"Auntie," said Susie, who for some moments had been gazing thoughtfully in the fire, "I have been thinking how nice it would be if, when our quilt goes to the home missionary, all the interesting stories you have told us while we were sewing on it could go too. Then the children in the family would think so much more of it—don't you see? I wish there was some way for a great many more boys and girls to hear those stories."

"Why, that's just what Florence Austin was saying this afternoon," said Mollie. "She said she wished all those stories could be printed in a book."

"You hear the suggestion, Ruth," Mrs. Elliot said.

But Ruth smiled and shook her head,

"They are such simple little stories," said she.
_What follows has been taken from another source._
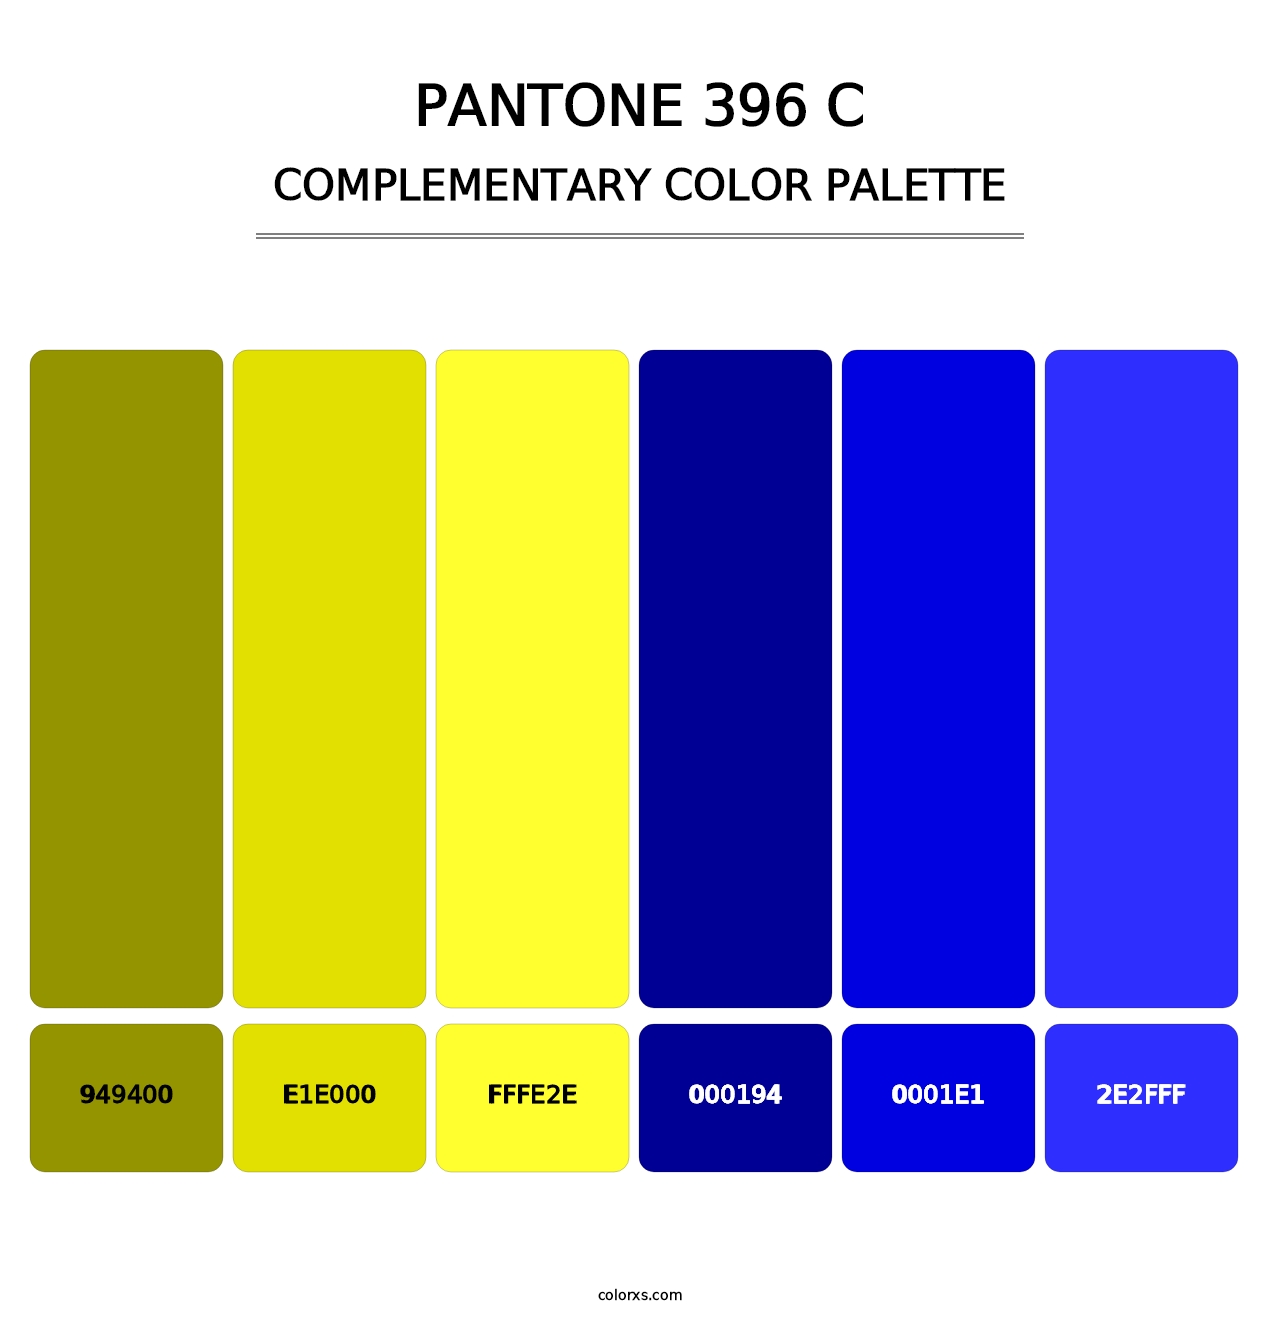 PANTONE 396 C - Complementary Color Palette

"For simple little people to read—'for of such is the kingdom of heaven.' Think, Ruth, if, instead of one Eliza Jones 'making butterflies out of fennel-worms' next summer, and in that way getting at some wonderful facts far more effectively than any book could teach her, there should be a dozen, aria perhaps as many boys resolving, like Roy, to use kindness and patience instead of cruelty and force in their dealings with a dumb beast. But you know all this without my preaching. Ten times one make ten, little sister."

"If I thought my stones would do good," she said.

"Come, I have a proposition to make," said the minister's wife. "You shall write out the stories—you already have some of them in manuscript—and I will fill in with the doings of the Patchwork Quilt Society. Do you agree?"

And that is how this book was written.